This past year has been difficult for Chinese banks, and the country’s central bank, People’s Bank Of China, said that about 13 percent of the country’s financial institutions were considered “high risk,” according to Bloomberg.
People’s Bank Of China ran a report — its 2019 China Financial Stability Report, published on Monday (Nov. 25) — and found that about 586 banks and financial institutions were highly risky, and in need of some sort of change. Though no specific banks were named, one got a score of “D,” meaning it was taken over or it went bankrupt.
In May, a lender was seized, as the financial stability of smaller banking institutions continues to worry experts. The report also showed that the state was not always willing to bail out banks. Adding to the concern is the fact that China’s economy has slowed to its lowest point in about 30 years, as well as the protracted trade war with the U.S.
Due to the troubles, the banking sector in the country seems poised to see shrinking lending margins, and a potential for a large amount of bad debt. Private and foreign banks are not facing the same types of issues, the report said, but rural lenders were marked “high risk” by more than 30 percent.
People’s Bank Of China said it reached out to each bank and let them know about the rating, asking some to make changes to capital or to get rid of bad loans.

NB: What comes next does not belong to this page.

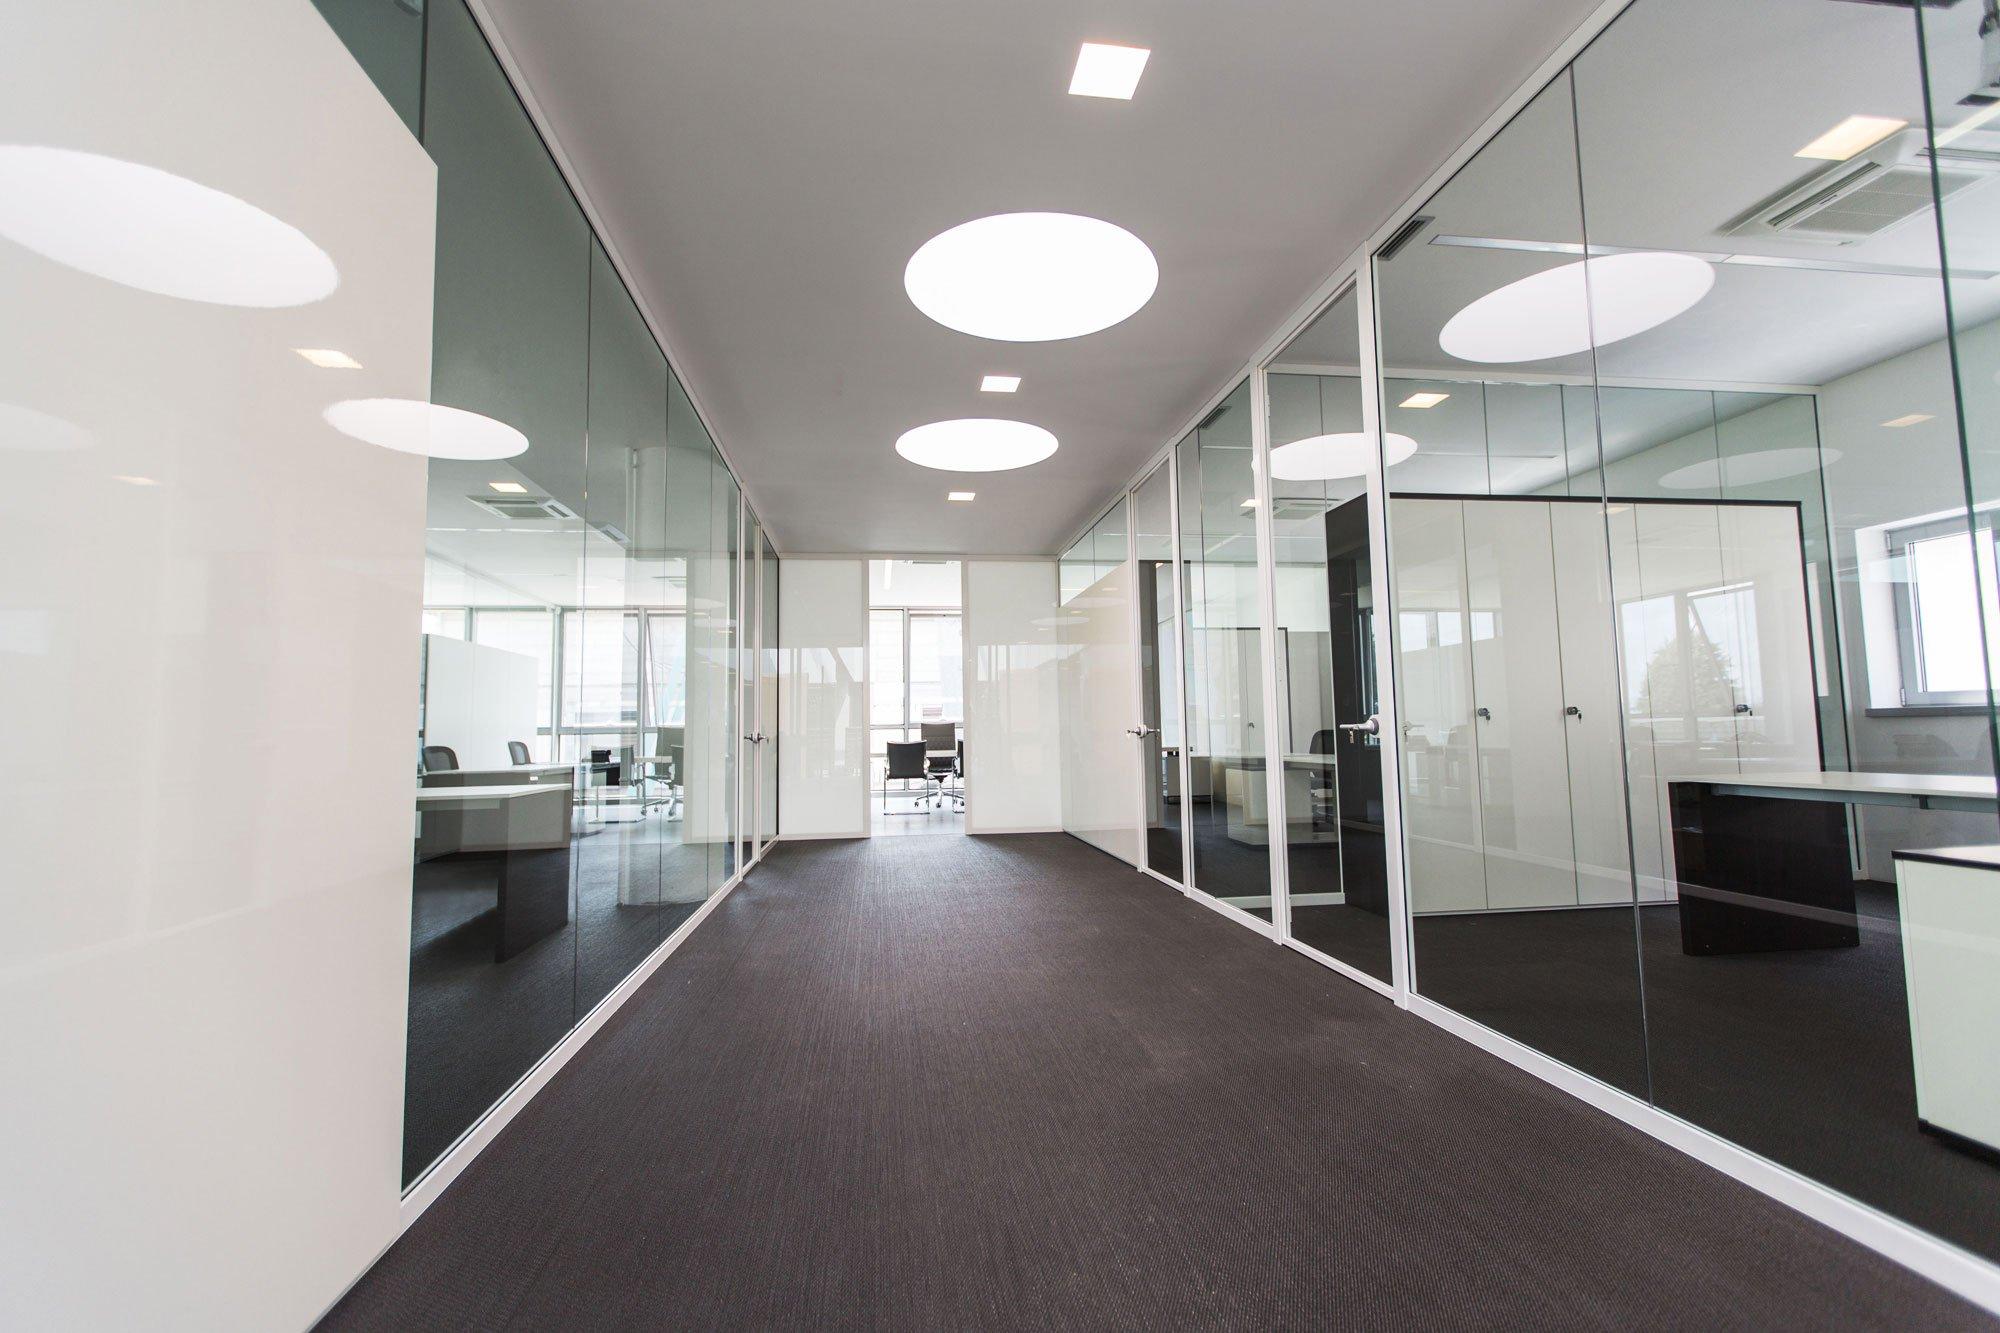 Illuminazione per uffici a led: sistemi di illuminazione per interni

The report said that some potential risks take time to repair, and that they can “occur easily.” In addition, the slowing economy will only make it more difficult to stave them off.
Furthermore, the report said that the People’s Bank Of China should “stay cool-headed,” and take into account both economic growth and risk control. The central bank said it would continue to refine its policies to keep up with the changing economic situation in the country.